Question

Find the value of k for which each of the following system of equations has no solution:
$3x+y=1,(2k-1)x+(k-1)y=(2k+1).$

Answer 1

The given system of equations:
3x + y = 1
⇒ 3x + y − 1 = 0 ...(i)
And, (2k − 1)x + (k − 1)y = (2k + 1)
⇒ (2k − 1)x + (k − 1)y − (2k + 1) = 0 ...(ii)

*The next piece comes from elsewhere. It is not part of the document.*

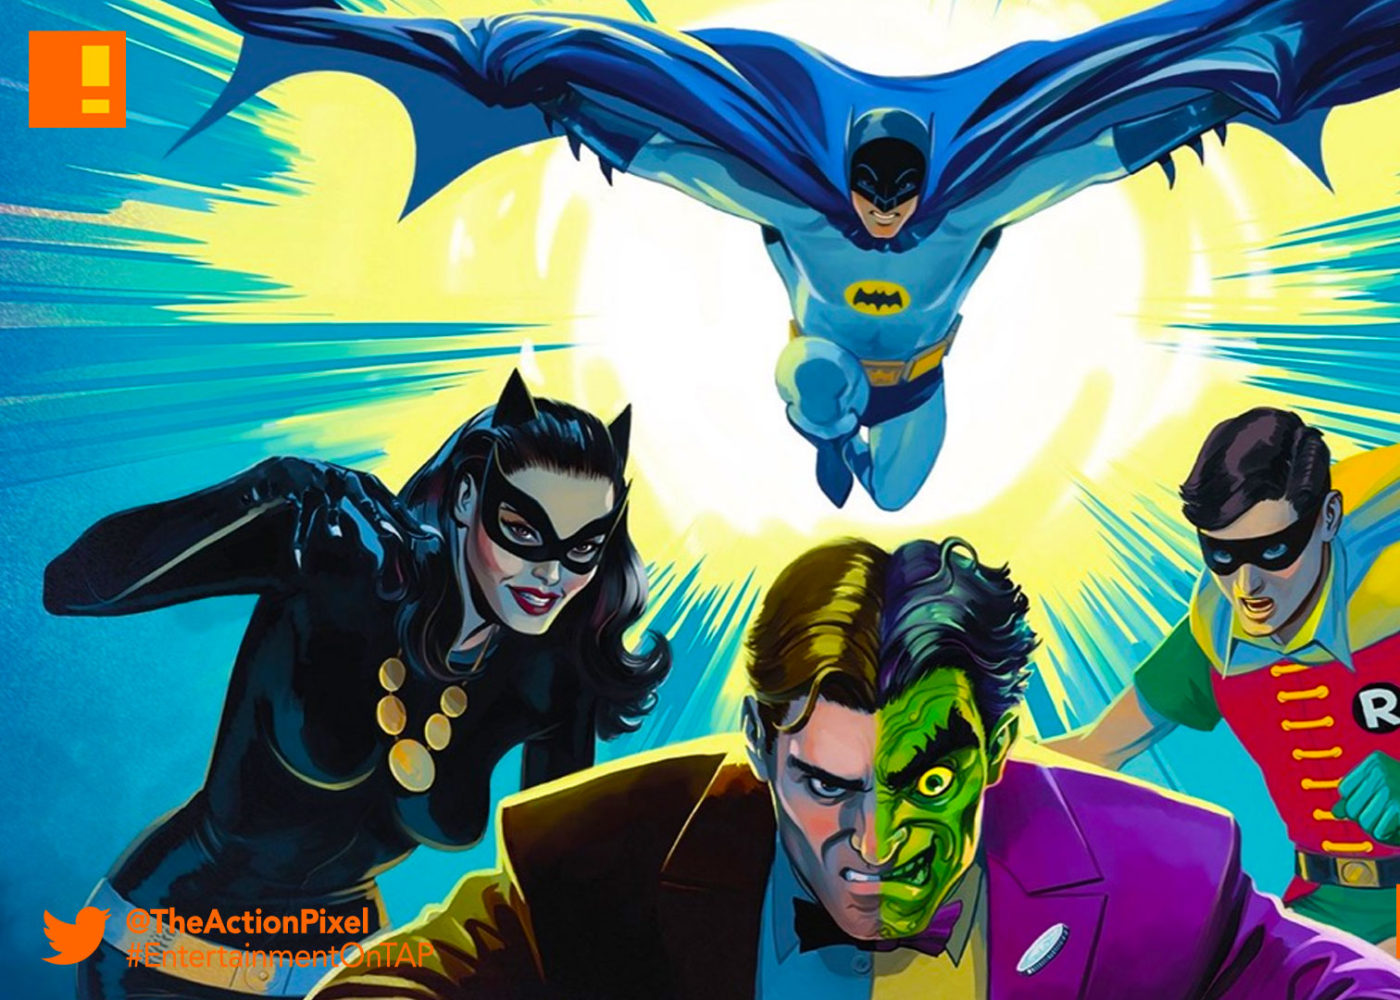 batman vs two-face, animation, wb animation, dvd, bluray, adam west, william shatner, the action pixel, entertainment on tap,dc comics, dc entertainment ,

These equations are of the following form:
a₁x + b₁y + c₁ = 0, a₂x + b₂y + c₂ = 0
Here, a₁ = 3, b₁= 1, c₁ = −1 and a₂ = (2k − 1), b₂ = (k − 1), c₂ = −(2k + 1)
In order that the given system of equations has no solution, we must have:
$\frac{a_1}{a_2}=\frac{b_1}{b_2}\ne \frac{c_1}{c_2}$
i.e. $\frac{3}{\left(2k-1\right)}=\frac{1}{\left(k-1\right)}\ne \frac{-1}{-\left(2k+1\right)}$
$\frac{3}{\left(2k-1\right)}=\frac{1}{\left(k-1\right)}$ and $\frac{1}{\left(k-1\right)}\ne \frac{-1}{-\left(2k+1\right)}$
⇒ 3(k − 1) = 2k − 1 and −(2k + 1) ≠ −(k − 1)

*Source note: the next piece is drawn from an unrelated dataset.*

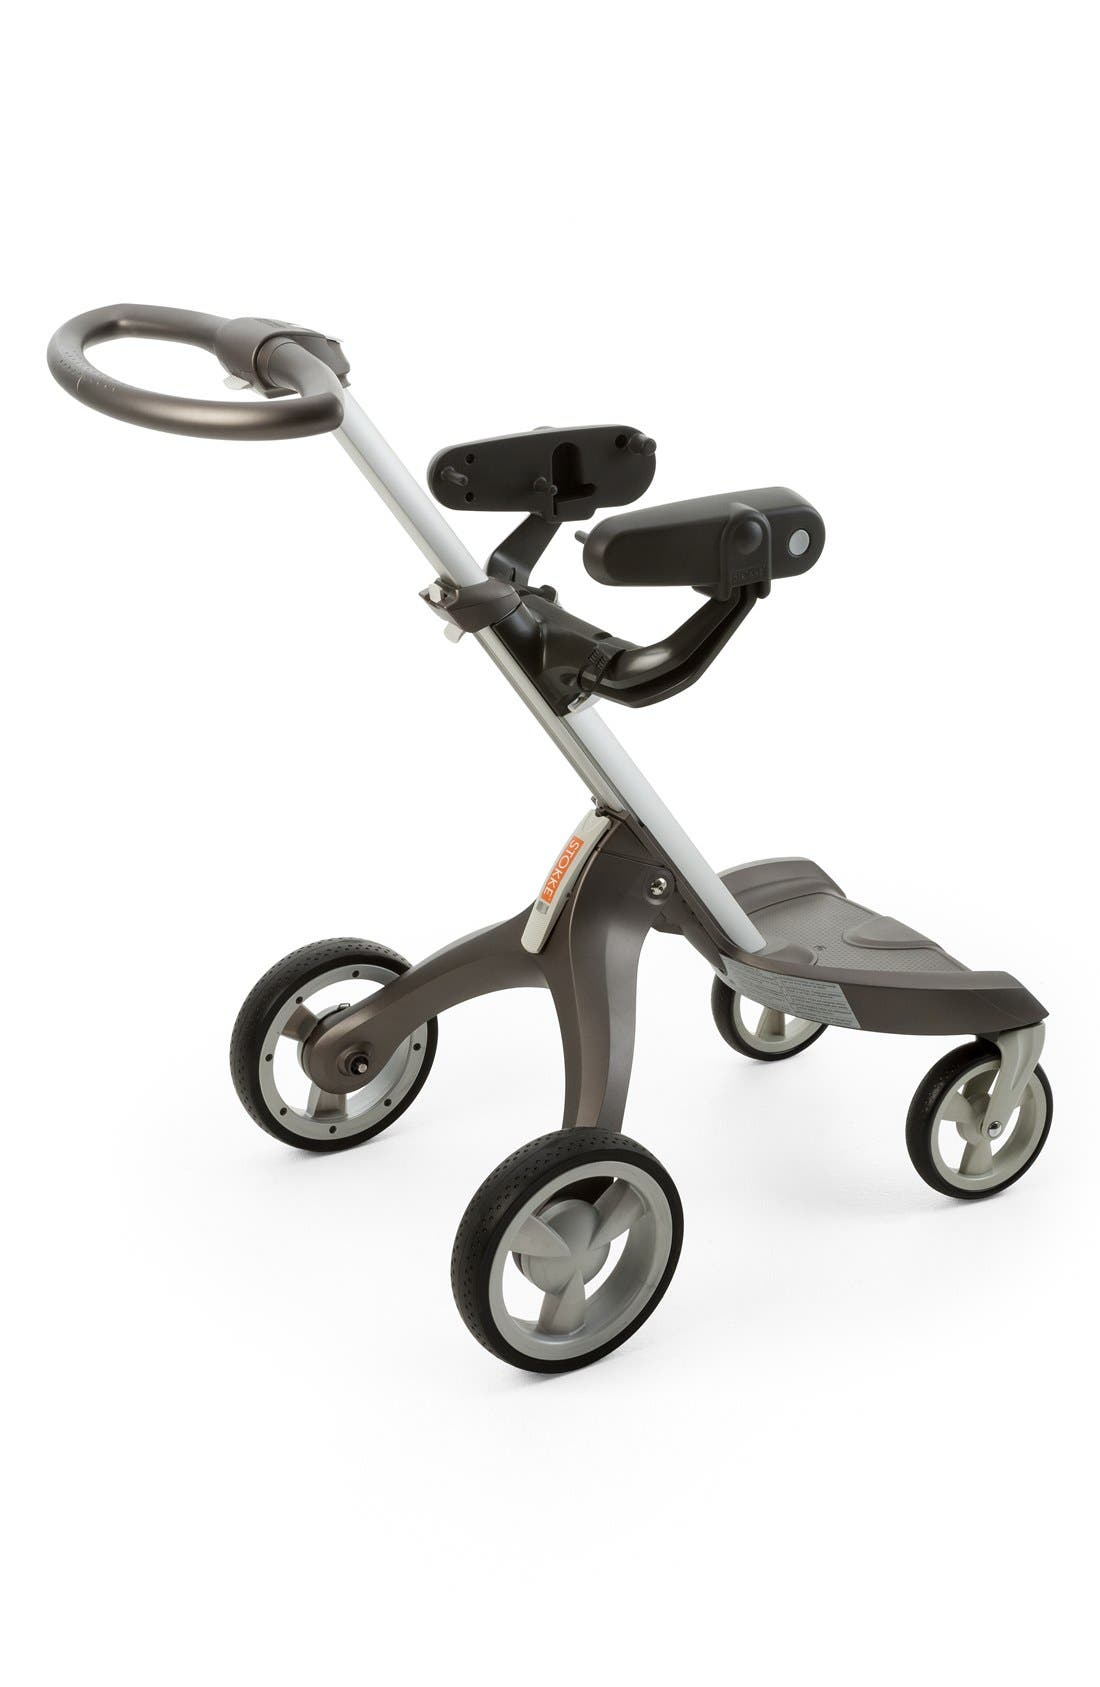 Peg Perego Car Seat Adaptor for Stokke Strollers,                             Alternate thumbnail 2, color,                             020

⇒ 3k − 3 = 2k − 1 and −2k − 1 ≠ −k + 1
⇒ k = 2 and k ≠ −2
Thus, $\frac{a_1}{a_2}=\frac{b_1}{b_2}\ne \frac{c_1}{c_2}$ holds when k is equal to 2.
Hence, the given system of equations has no solution when the value of k is 2.